Павлиньи цвета переливались из зеленого в синий и снова в зеленый
при каждом ее движении: каким-то образом шелк менял тона, как их
меняют перья. Она подняла руки, чтобы расправить широкие крылья
рукавов, и, продолжая это движение, вытащила из зашпиленных кос
бронзовые булавки — заколки достаточно длинные, чтобы достигнуть
сердца мужчины между его ребер. Дождь снаружи, жар у нее за
спиной, шелк на ее коже отдали ее во власть природы, не знающей ни
греха, ни отступления.
— Я выгляжу так, как ты представлял себе?
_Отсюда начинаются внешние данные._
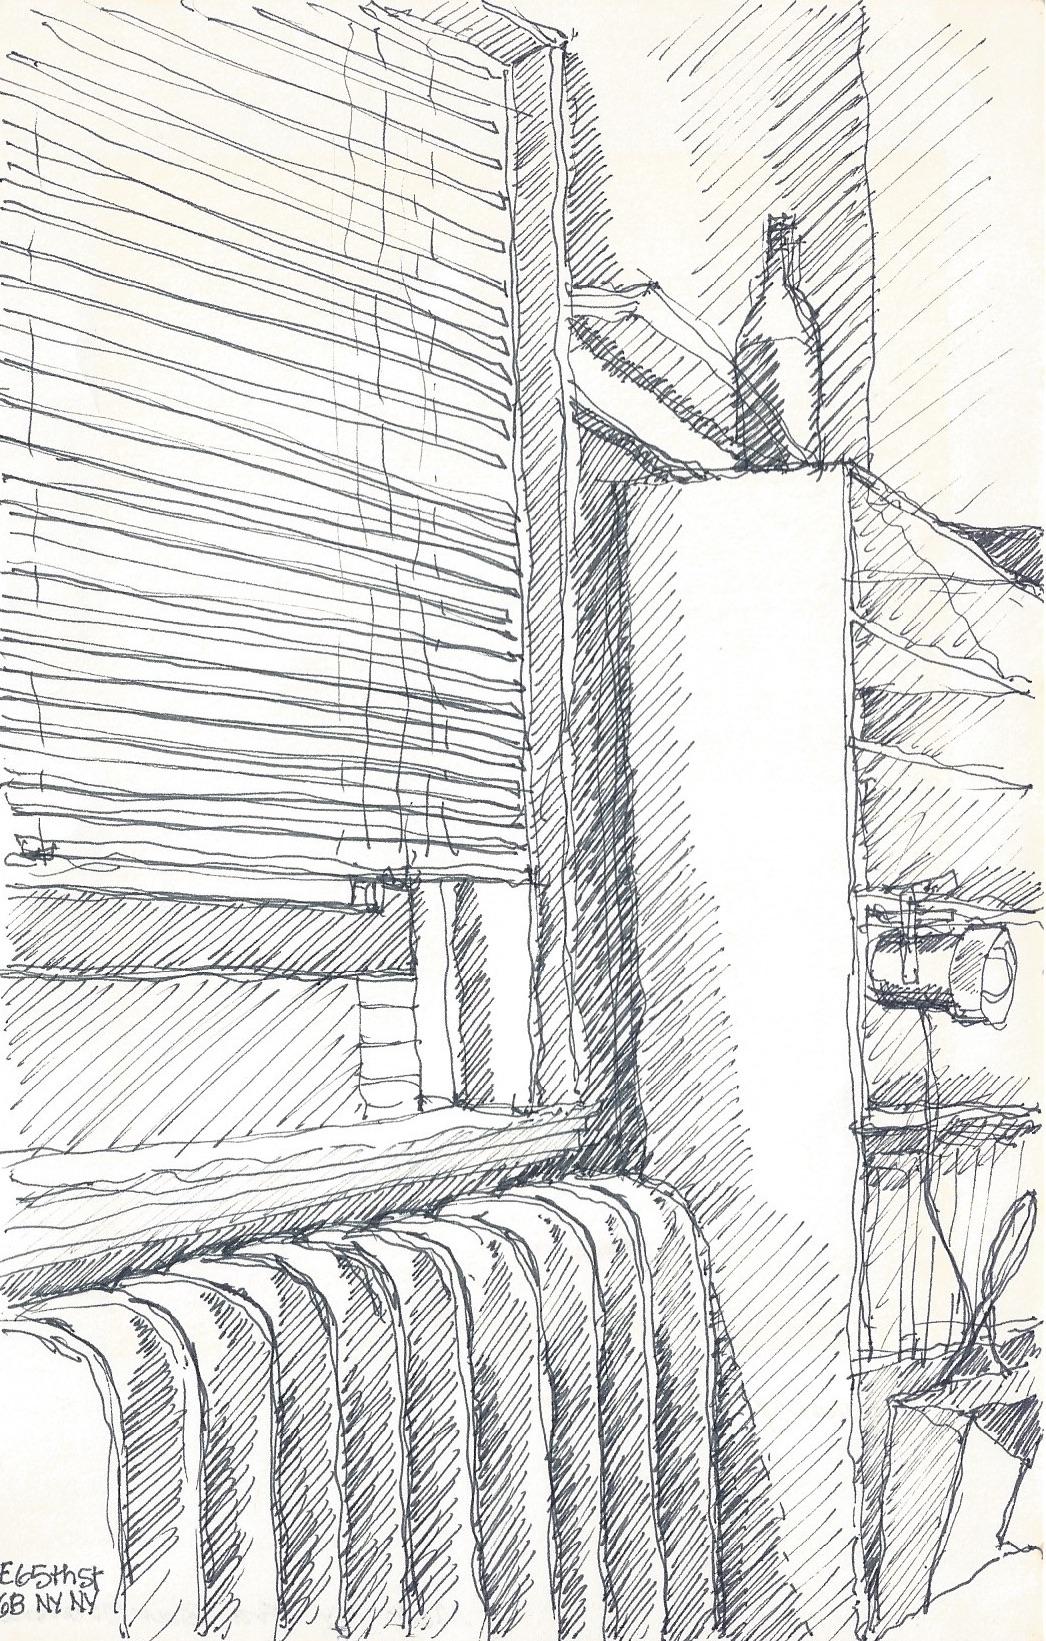 Sketch of a corner of my New York walk-up.

— Тысячи раз я верил, что воображаю верно. Но я ошибался. Есть
реальности, недоступные нашему воображению.
— В мои годы я чересчур располнела для нее, и она выглядит не
так красиво, как на одной из твоих костлявых византийских блудниц?
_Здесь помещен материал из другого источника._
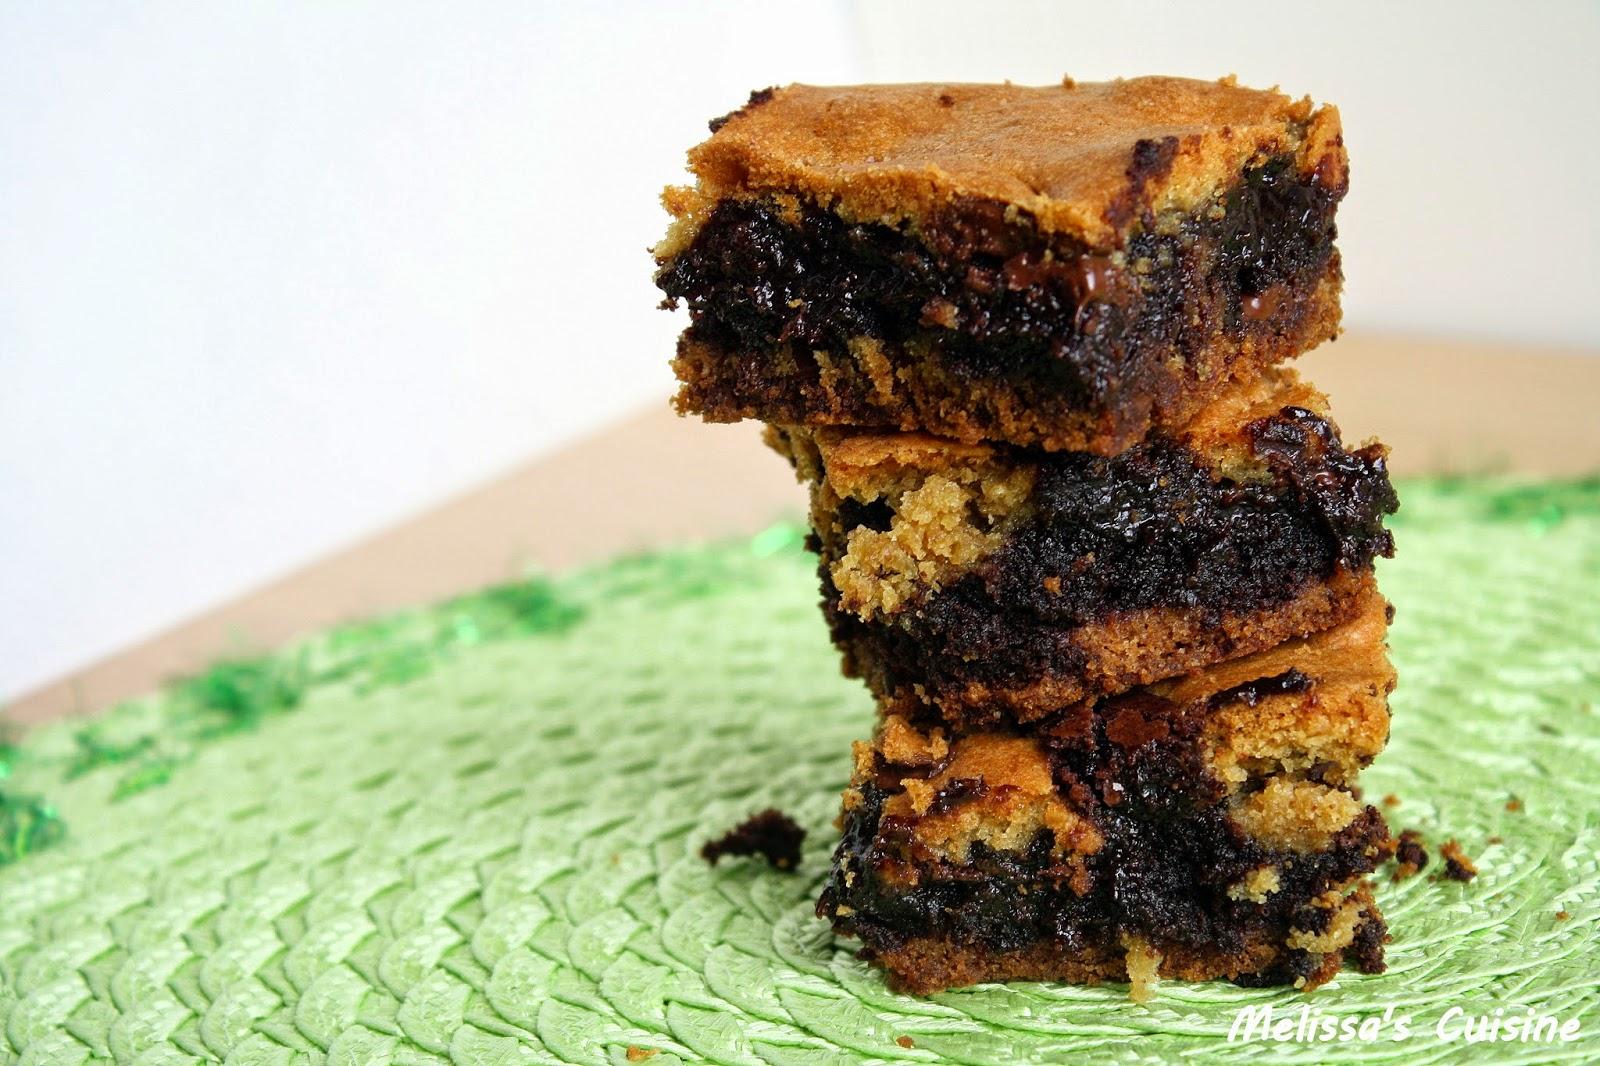 Melissa's Cuisine:  Chocolate Chip Cookie Brownie Bars

Он не ответил на ее колкость. Казалось, взгляд на нее и правда
лишил Фенгона способности соображать.
— Почему ты стоишь так далеко?
Он судорожно шагнул вперед, очнувшись от зачарованного
созерцания.
— Так приказала ты. Ты была сурова со мной.
— Это было до того, как ты облек меня в наряд
средиземноморской шлюхи. Смотри, у меня черные волосы. У меня
смуглая кожа. — Лицо у нее пылало: его ошеломленный взгляд был
жгучим пламенем. Его тело, более короткое и компактное, чем у ее
мужа, излучало упоенную беспомощность, руки вытянулись и
изогнулись, будто несли огромную тяжесть.
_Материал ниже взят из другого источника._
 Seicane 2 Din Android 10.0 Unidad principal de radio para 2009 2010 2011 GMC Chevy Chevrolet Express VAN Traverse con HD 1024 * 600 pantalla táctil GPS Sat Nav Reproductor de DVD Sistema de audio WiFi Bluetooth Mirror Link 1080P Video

— Подойди же, мой брат, — сказала она. — Ты можешь раздеть
то, что одел.
Изогнутыми руками он снял льнущую к ее телу тунику, а вместе с
ней и камизу, завязки которой не были завязаны. Геруте вжалась
розовой спелостью в шершавость грубой одежды Фенгона. На его
рубахе для верховой езды были кожаные наплечники под кольчугу. Она
вдохнула пропитанный дождем запах убитых животных.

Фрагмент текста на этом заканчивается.